III.        The District Court Did Not Err in Refusing to Give an Eyewitness Identification Instruction

{18}     “The propriety of jury instructions is a mixed question of law and fact.” State v. Romero, 2005-NMCA-060, ¶ 8, 137 N.M. 456, 112 P.3d 1113. “[W]e view the evidence in the light most favorable to the giving of the requested instruction[,]” and “[w]ith those facts in mind, we then review the issue de novo.” Id. Defendant contends that he was entitled to an instruction on eyewitness identification because research establishes that eyewitness identifications are unreliable and other jurisdictions have determined that juries should receive guidance from the court about how to consider eyewitness testimony. We conclude that the rejection of a specific instruction on eyewitness identification was not reversible error. See State v. Gallegos, 1993-NMCA-046, ¶ 11, 115 N.M. 458, 853 P.2d 160.

{19}     Although Defendant proposed five jury instructions relating to the State’s burden, witness credibility, and eyewitness accounts, Defendant argues on appeal that it was error for the district court to refuse to give any instruction on eyewitness identification. Defendant proposed an instruction on eyewitness identification modeled after the Tenth Circuit Criminal Pattern Jury Instruction 1.29. After hearing argument from counsel, the district court denied the instruction and ruled that the New Mexico Uniform Jury Instructions (UJIs) were sufficient to address Defendant’s concerns. In so ruling, the district court instructed the jury as to witness credibility and reasonable doubt. See UJI 14-5020 NMRA; UJI 14-5060 NMRA.

{20}     Defendant relies on State v. Henderson, 27 A.3d 872 (N.J. 2011), in support of his position that recent research suggests eyewitness testimony is unreliable and that juries do not intuitively understand the vagaries of human memory. In Henderson, the New Jersey Supreme Court focused on the suggestiveness of the eyewitness identification and remanded the case for development of an extensive factual record on the subject. Id. at 877. A special master was appointed who held a hearing at which seven experts testified and hundreds of studies were presented for review. Id. The Henderson court adopted much of the special master’s report. Id. at 877, 885-89. Ultimately, the court evaluated the scope and content of the scientific evidence and developed a framework for evaluating identification evidence. Id. at 892-922. The court also charged the jury instruction committee to revise existing eyewitness identification instructions in light of its decision. Id. at 925-26.

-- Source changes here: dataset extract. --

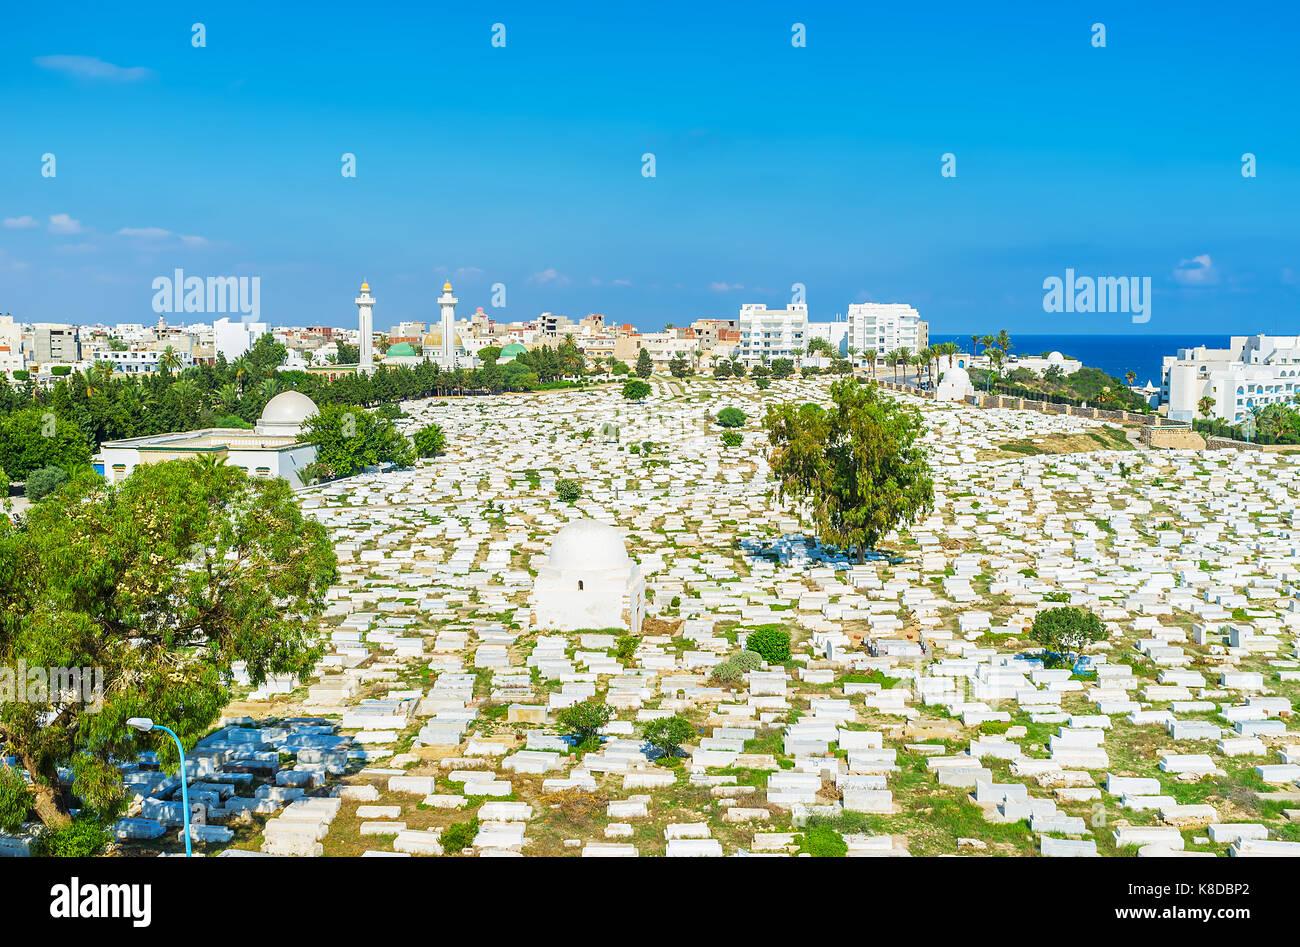 Vista aérea de Sidi el-mezeri histórico cementerio con dos minaretes de Habib Bourguiba mausoleo en el fondo, Monastir, Foto de stock

{21}     Henderson does not assist our analysis in this case. First, this case is factually distinct from Henderson, since Victim in this case had prior interactions with Defendant and knew him by name. Additionally, unlike Henderson, Defendant does not challenge Victim’s identification of him as overly suggestive. Further, no comparable factual record exists here, nor has any New Mexico court or jury instruction committee been presented with similar evidence and research to evaluate. To the extent Defendant suggests that our uniform jury instructions should be revisited and revised to incorporate the latest research on eyewitness identification, such an undertaking should be done at the direction of our Supreme Court. Cf. Britton v. Boulden, 1975-NMSC-029, ¶ 4, 87 N.M. 474, 535 P.2d 1325.

{22}     Significantly, as Defendant acknowledges, the New Mexico Supreme Court and this Court have repeatedly found no error when a defendant requests an “eyewitness identification” instruction but the district court chooses instead to instruct the jury with the UJI on evaluating witness credibility. See, e.g., State v. Ortega, 1991-NMSC-084, ¶ 72, 112 N.M. 554, 817 P.2d 1196, abrogated on other grounds as recognized by Kersey v. Hatch, 2010-NMSC-020, ¶ 17, 148 N.M. 381, 237 P.3d 683; State v. Haynes, 2000-NMCA-060, ¶ 23, 129 N.M. 304, 6 P.3d 1026; Gallegos, 1993-NMCA-046, ¶ 11; see also UJI 14-5020 comm. cmt. (“This instruction, together with the reasonable doubt instruction, UJI 14-5060, makes an instruction on the dangers of eyewitness testimony unnecessary.”). Given this, the district court’s rejection of the eyewitness identification instruction was not reversible error.


{23}     Defendant’s conviction is affirmed.